师孟看了,不禁笑了笑,正要让她去玩一会,无意间却看见了那个被系娘称为‘利九’的男人,他在前面的街口一晃而逝,师孟当即快步跟了上去,吓得玉秋一愣一愣的,赶忙跟着。谁知刚到街口迎面撞上了一个人,师孟走得急,幸而对方手快拉住她才不至于让她狼狈地摔在地上,这一看,却是李彦歆。

这一撞,倒把身后追上来的玉秋吓坏了,急忙上前要跪下行礼,却被李彦歆抬手制止,此处人多眼杂,惊动了人群倒不好。

师孟强迫自己平静下来,微微行礼道:“多谢。”等她再往前看时,那利九又没了踪影。

李彦歆含笑道:“上次本王送去的药可用了?”

师孟点点头,“轻微小伤,多谢王爷记挂。”

“你为何不看着本王说话了?”

师孟闻言,一愣之下抬眼望着李彦歆,一瞬间都撞进了彼此的眼眸中,她忽而想起年少时骆青对她说:‘篮子,我和你在前生一定交换过眼睛。’想起那时骆青深情的眼眸,师孟不禁红了眼眶,下意识地移开视线道:“王爷身份尊贵,臣女不敢冒犯。”

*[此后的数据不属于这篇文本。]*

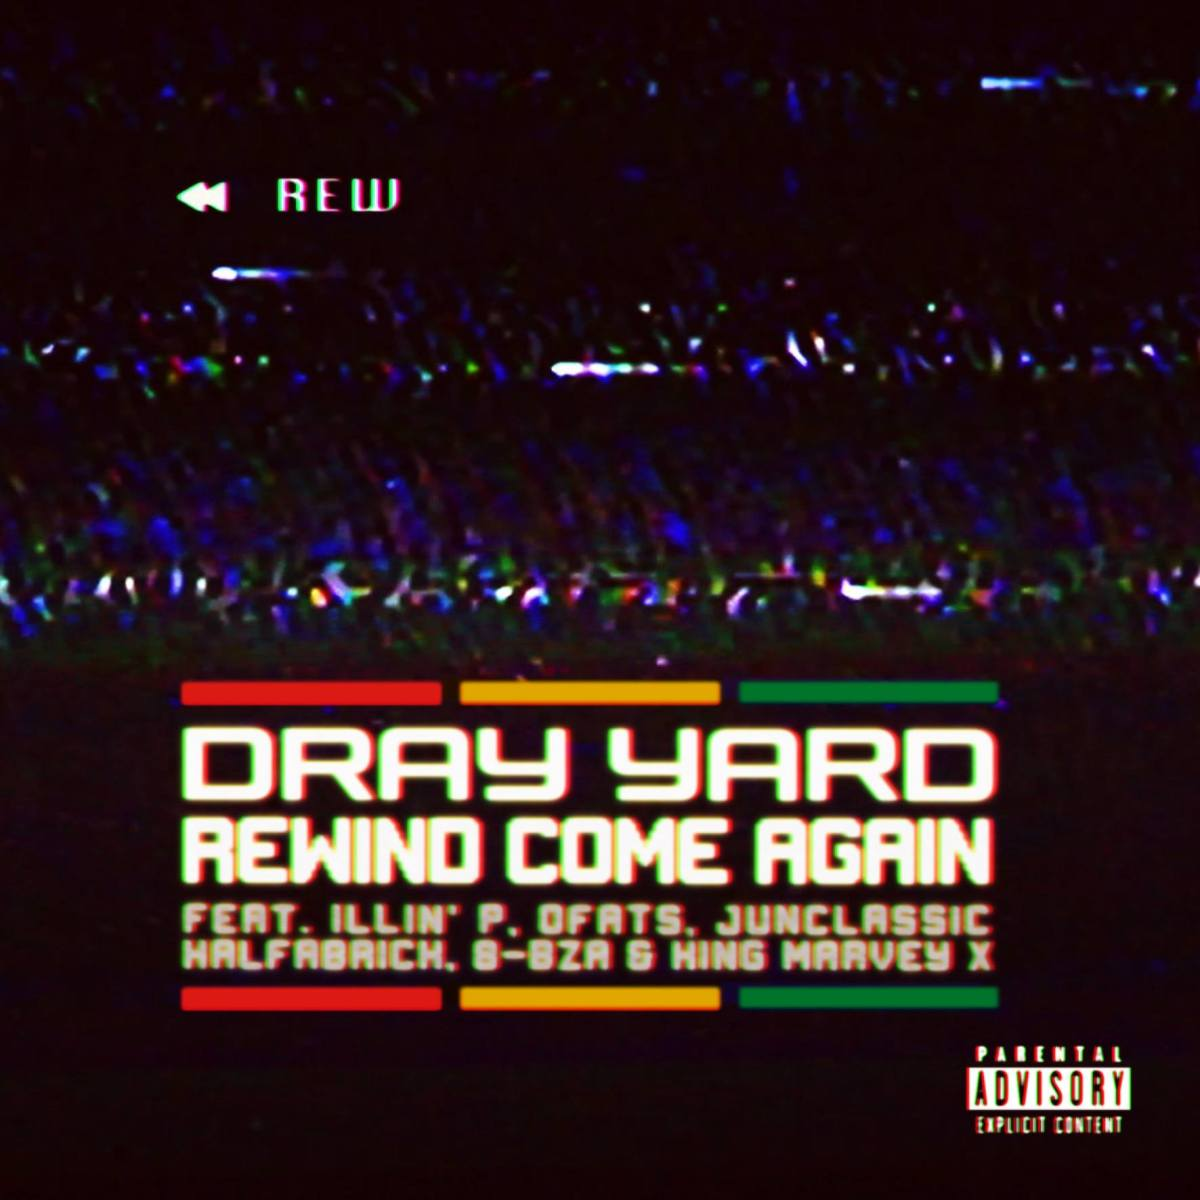 "Dray Yard (@DrayYard) F/ Illin' P, OFATS, Junclassic, HalfaBrick, 8-Bza & King Marvey X - ""Rewind"""

李彦歆望着她低垂着眸子,眉间那似有似无的忧愁揪着人心,可他下一刻就发现她的突然睁大了双眼,眼中布满了惊恐,他还未反应过来,就见她冲上来大力地撞开一个不知何时挨近身旁的男人。

“王爷!”不远处的陆久安大惊之下一个箭步冲上来将李彦歆一拉,飞起一脚再将那人踢飞了出去。却不曾想竟有好几个摊前做买卖的摊主一齐现出藏在袖口的匕首冲过来,顿时,热闹的市集变成了一锅炸蚂蚁,路人四处逃窜。李彦歆一手护着师孟和玉秋往后退,见久安已击毙两人,此时一人敌六,快要败下阵来。眼见一贼人从后一刀砍向久安的后脑,又听一人大喝一句:“住手!”继而一张矮凳砸了过来,结结实实砸中那贼人,却见邬孝不知何时出现,快步冲来,一招夺下这贼人的刀刃,反将之斩杀!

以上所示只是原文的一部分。